Monday, July 15, 2024

Microsoft’s $100 Billion Stargate AI Supercomputer Could Feature Over a Million AMD GPUs


  • Microsoft and OpenAI’s rumored $100 billion Stargate project to launch by 2028.
  • AMD’s MI500 GPUs could power a million-plus GPU training cluster.
  • The project aims to reduce dependency on Nvidia.

Microsoft and OpenAI are rumored to be working on a groundbreaking project called ‘Stargate.’ This ambitious initiative, reportedly backed by over $100 billion from Microsoft, aims to revolutionize data centers by 2028.

The primary goal is to reduce reliance on Nvidia, a common aim among many tech giants focused on artificial intelligence.

The Next Platform revealed in April that this AI supercomputer might utilize future generations of Cobalt Arm server processors and Maia XPUs.

The project envisions scaling Ethernet to support hundreds of thousands to potentially a million XPUs within a single machine.

Although many specifics remain unclear and the project’s realization is uncertain, recent statements from AMD hint at some fascinating possibilities.

Forrest Norrod, AMD’s Executive Vice President and General Manager of the Datacenter Solutions Group, shared some intriguing insights during a conversation with The Next Platform.
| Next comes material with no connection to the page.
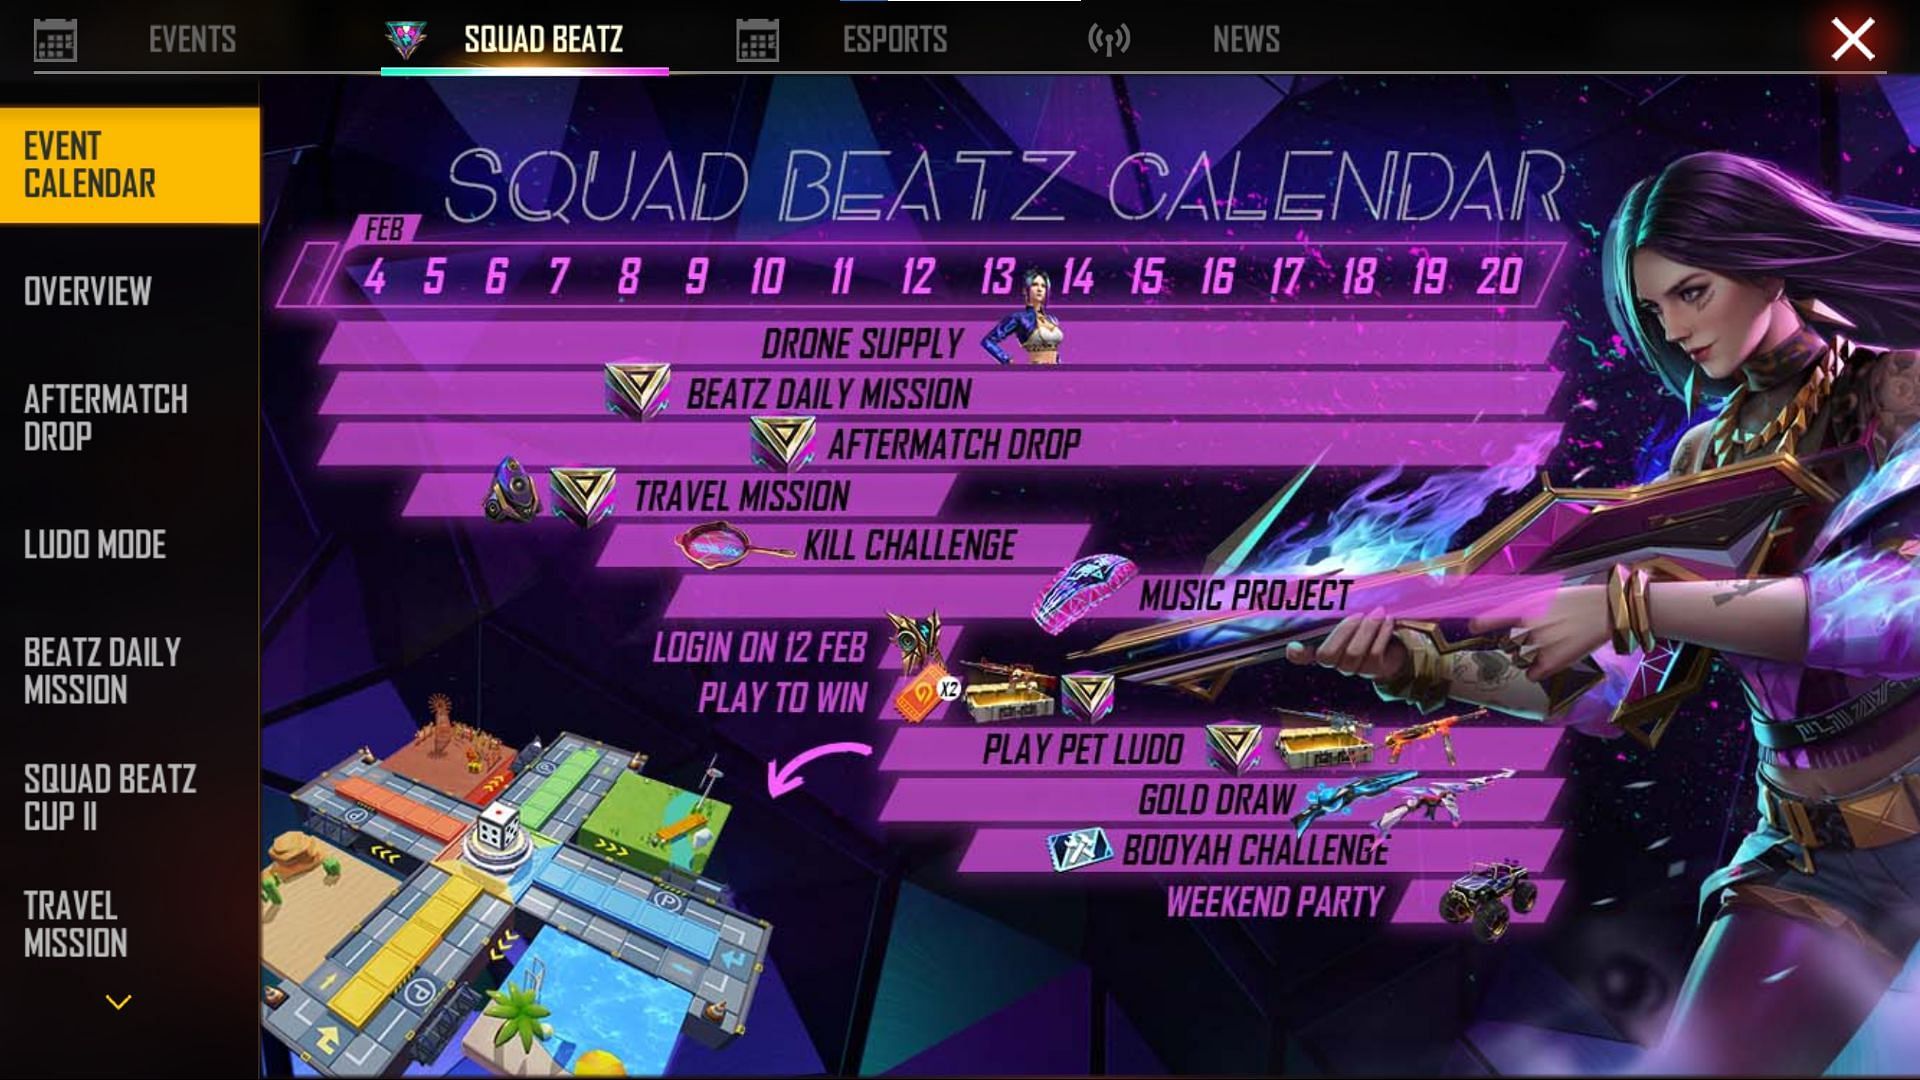 Select Weekend Party section (Image via Garena)

Timothy Prickett Morgan of The Next Platform asked Norrod about the largest AI training cluster someone has seriously considered, possibly involving AMD’s future Instinct MI500 GPU accelerators.

Norrod confirmed the scale, stating, “It’s in that range? Yes.” When pressed for further details, he emphasized, “I am dead serious, it is in that range” and clarified, “I’m talking about one machine… The scale of what’s being contemplated is mind-blowing. Now, will all of that come to pass? I don’t know. But there are public reports of very sober people contemplating spending tens of billions of dollars or even a hundred billion dollars on training clusters.”

Such a massive project, featuring over a million GPUs, would only be feasible for a few companies.

Given Microsoft’s significant investment in AI and data centers, it’s reasonable to speculate that AMD’s discussions about such a large-scale GPU deployment could be linked to the Stargate project.

By turning to AMD, Microsoft and other tech companies can potentially sidestep Nvidia, aligning with their broader strategic goals.

This collaboration would mark a significant shift in the tech industry, where Nvidia has long dominated the AI hardware market.

The partnership between Microsoft and AMD could pave the way for innovations and competitive dynamics, benefiting the broader AI ecosystem.

The Stargate project, if realized, could set new benchmarks for AI supercomputers, pushing the boundaries of what’s possible with machine learning and data processing.

While the project’s success is not guaranteed, the involvement of major players like Microsoft, OpenAI, and AMD underscores the immense potential and ambition behind it.

As the tech world watches closely, the next few years will reveal whether Stargate can live up to its promise and transform the landscape of AI and supercomputing.

For now, the idea of a supercomputer with over a million AMD GPUs remains a tantalizing prospect, symbolizing the future of technology and innovation.